* [WORK TO BE COMPLETED] Return every line from the one with "lara croft cosplay" through the one with "twin cities wedding", inclusive, exactly as it appears below.

━━ TASK INPUT ━━

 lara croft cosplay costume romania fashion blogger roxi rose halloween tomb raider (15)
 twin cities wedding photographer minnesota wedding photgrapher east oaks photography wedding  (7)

━━━
━━ TASK INPUT ━━

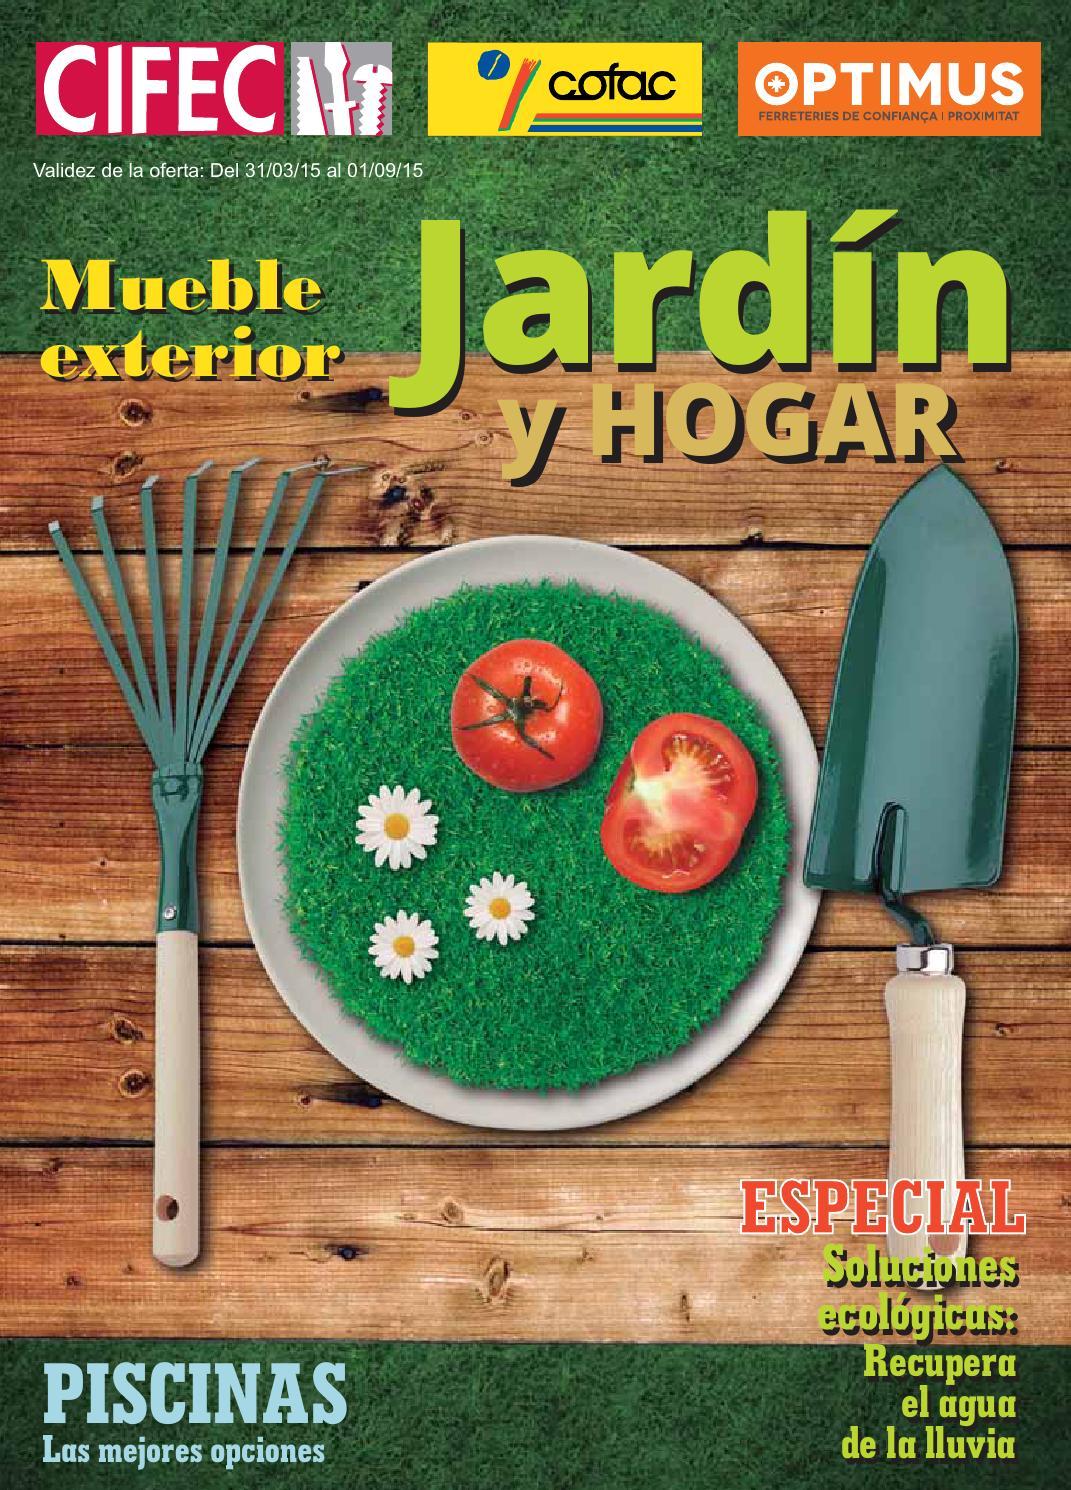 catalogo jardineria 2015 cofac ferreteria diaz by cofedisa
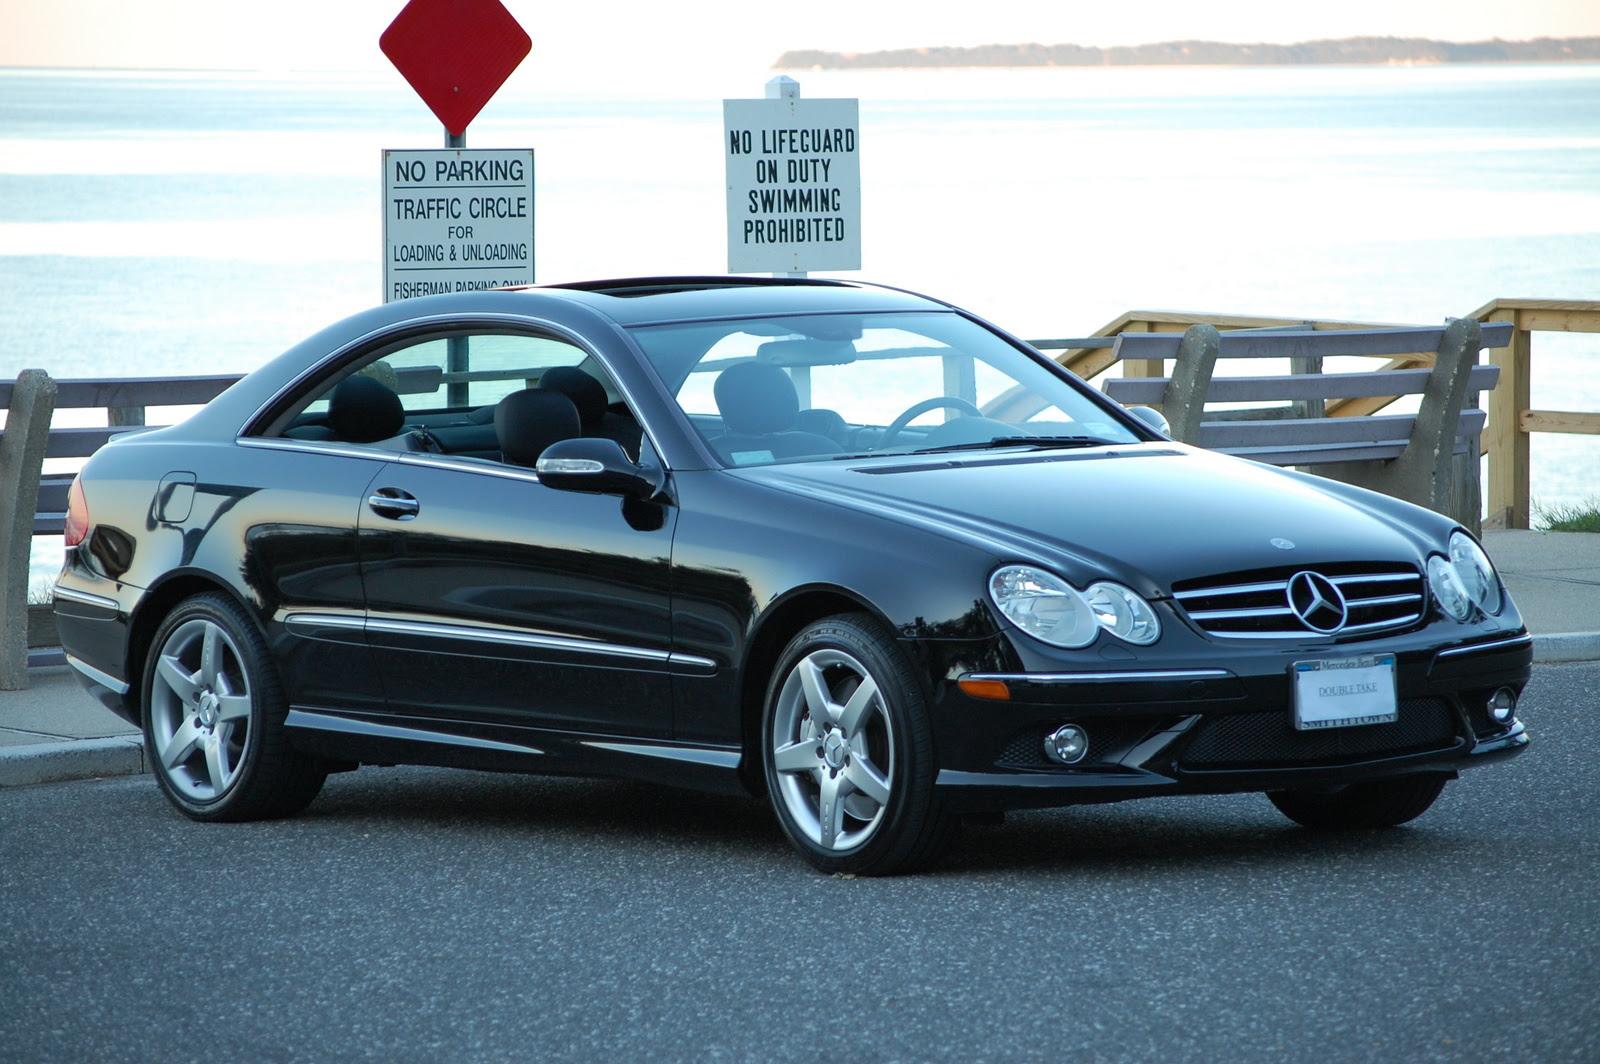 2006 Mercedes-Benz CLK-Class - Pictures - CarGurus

━━━

* [TASK OUTPUT]
 lara croft cosplay costume romania fashion blogger roxi rose halloween tomb raider (15)
 twin cities wedding photographer minnesota wedding photgrapher east oaks photography wedding  (7)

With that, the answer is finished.